Stroke Syndromes
Pharmacology
TBI Sequelae
Disorders of Consciousness
Scales/ Assessments
100

A patient presents with contralateral leg weakness, urinary incontinence, and abulia following an ischemic stroke

What is an ACA infarct?

100

What is the maximum recommended daily dose for baclofen? 

What is 80 mg?

100

A patient with a mild TBI reports headache, dizziness, and difficulty concentrating despite a normal CT scan. This syndrome is the most likely diagnosis

Post-concussion syndrome

100

This state is characterized by the complete absence of wakefulness and awareness, with eyes remaining closed.

Coma

100

This scale rates independence across ADLs and mobility, widely used in inpatient rehab.

What is the Functional Independence Measure (FIM)?

200

Patient presents with right sided facial pain/temperature loss, left sided body pain/temperature loss, right sided Horner syndrome but no motor weakness.

What is Wallenberg syndrome (lateral medullary)? 

200

This drug, originally developed as an antiviral, is now commonly used off-label to promote arousal and functional recovery in patients with disorders of consciousness after severe TBI. What is the drug and its mechanism of action?

Amantadine; NMDA receptor antagonist 

200

A patient becomes agitated with diaphoresis, hypertension, tachycardia, hyperthermia, and extensor posturing after severe TBI. This syndrome is the most likely diagnosis.

Paroxysmal sympathetic hyperactivity

200

Six months after severe TBI, a patient demonstrates reproducible command following and purposeful object use but is unable to communicate consistently. According to the disorders of consciousness framework, this diagnosis best fits.

Minimally Conscious State

200

8-level behavioral rating scale, developed specifically for TBI, ranges from "no response" (Level 1) to "purposeful, appropriate response" (Level 8) and is used to monitor stages of recovery.

What is the Rancho Los Amigos Scale (RLAS)?

300

Patient presents with inability to abduct left eye, left facial weakness, left conjugate gaze palsy with right sided weakness. 

What is Raymond-Foville syndrome? 

300

This osmotic diuretic is commonly given for elevated ICP, working by drawing free water out of brain tissue and into the vasculature

What is mannitol?

300

Months after TBI, a patient develops depression, fatigue, weight gain, decreased libido, and poor rehabilitation progress. These symptoms should prompt evaluation for this endocrine complication.

Hypopituitarism

300

According to diagnostic criteria, this finding is sufficient to establish emergence from the minimally conscious state.

Functional object use or reliable functional communication

300

This assessment specifically measures post-stroke motor recovery across arm, leg, balance, and sensation domains.

What is the Fugl-Meyer Assessment?

400

A patient has fluent but nonsensical speech, poor auditory comprehension, impaired repetition, and is unaware of the language deficit. Motor strength is normal. 

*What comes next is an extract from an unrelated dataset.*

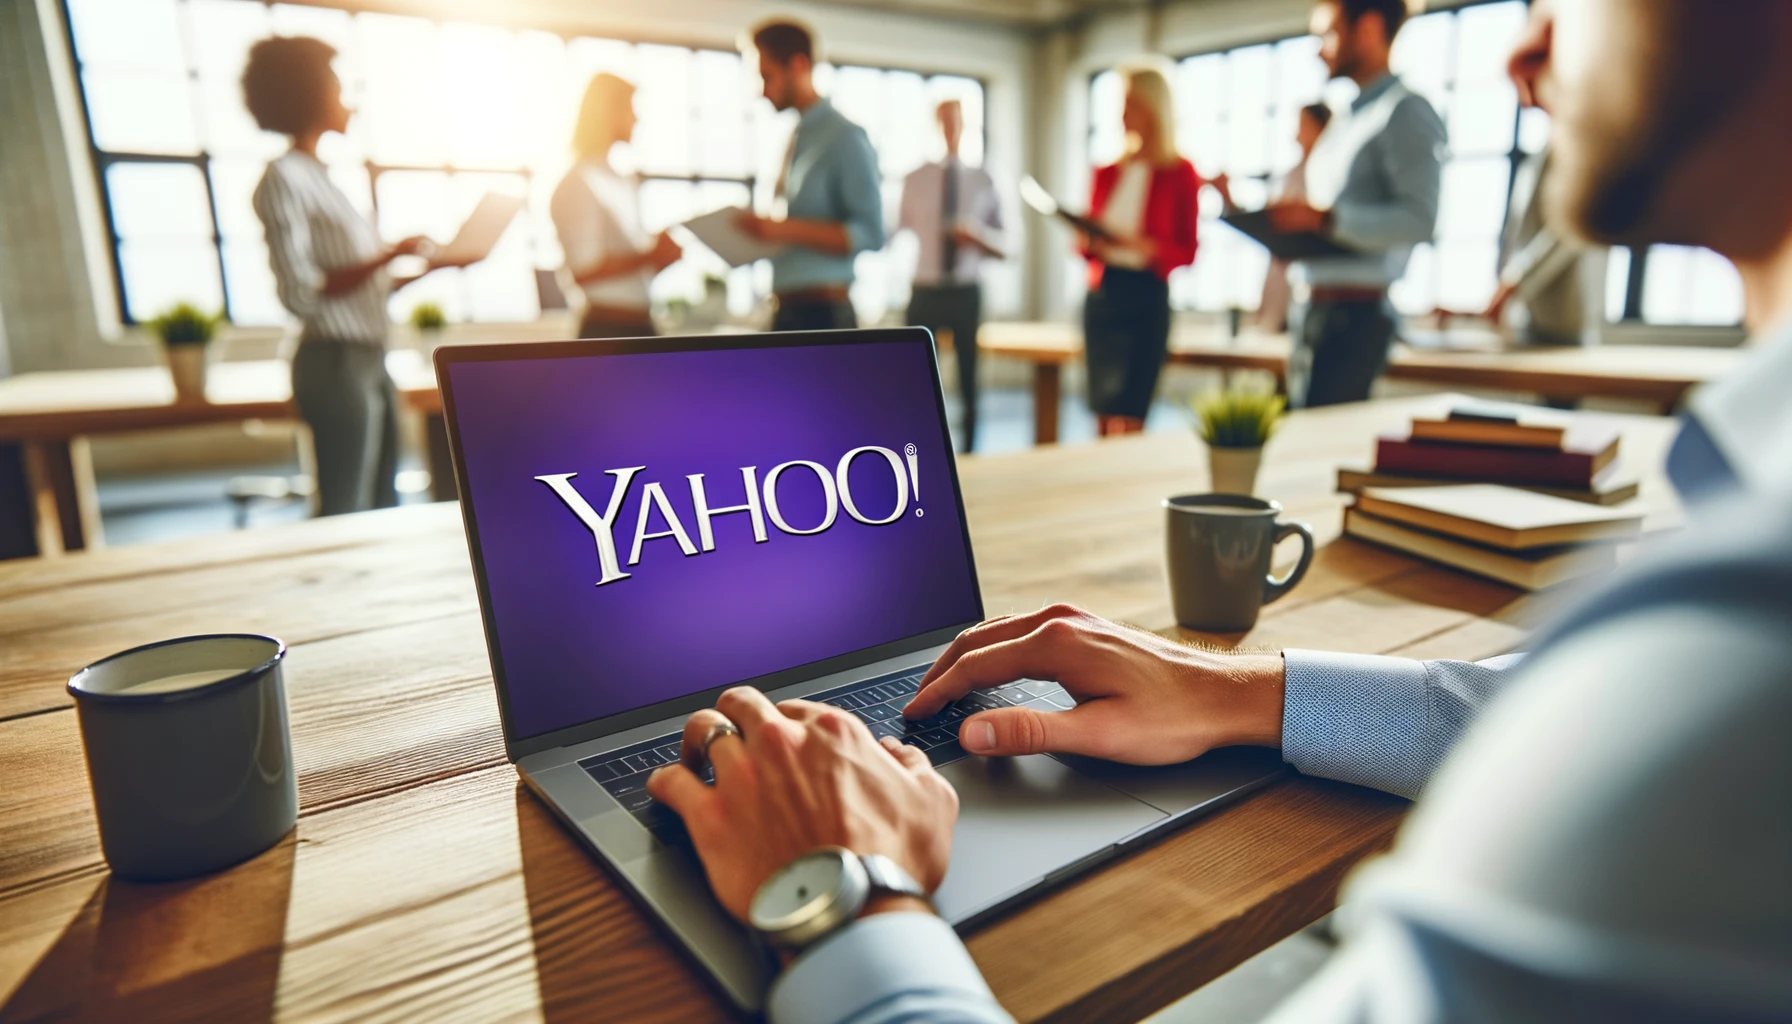 How to write Yahoo press release?

Name the type of aphasia and the artery affected, along with if its superioir or inferior

What is a dominant inferior division MCA stroke causing Wernicke aphasia

400

Which drug has been shown to be effective in motor recovery after an ischemic stroke

Fluoxetine

400

A patient with TBI insists there are no deficits despite obvious cognitive and functional impairments. This lack of awareness of one's deficits is known as:

Anosognosia

400

The inability to reliably communicate despite preserved consciousness should prompt clinicians to consider this diagnosis before concluding a patient has a disorder of consciousness.

Locked-in syndrome

(characterized by intact consciousness with quadriplegia and anarthria due to a ventral pontine lesion)

400

10-item scale as a measure of basic ADL performance, where a score of 100 indicates full independence and scores ≤40 indicate severe dependence.

What is the Barthel Index (BI)?

500

Why is motor function preserved in Wallenberg syndrome? 

corticospinal tract (pyramidal tract) runs through the medial/ventral medulla, wallenberg affects PICA which supplies lateral medulla 

500

In the TBI population, which antiseizure drug is prefered for partial seizure and which for general seizure?

Carbamazepine for partial seizure 

Valproic acid for general seizures

500

Months after a severe TBI, a patient develops progressive agitation, rigidity, bradykinesia, and dystonia due to injury of the basal ganglia and dopaminergic pathways. This delayed sequela is known as:

Post-traumatic parkinsonism

500

This neurophysiologic test is increasingly used to identify covert consciousness in patients unable to demonstrate purposeful motor output.

EEG

500

This spasticity assessment tool, unlike the MAS, specifically measures the velocity-dependent component of spasticity by testing at both slow and fast speeds and grading the response on a 0–5 scale, making it more consistent with the physiological definition of spasticity.

What is the Tardieu Scale (or Modified Tardieu Scale)?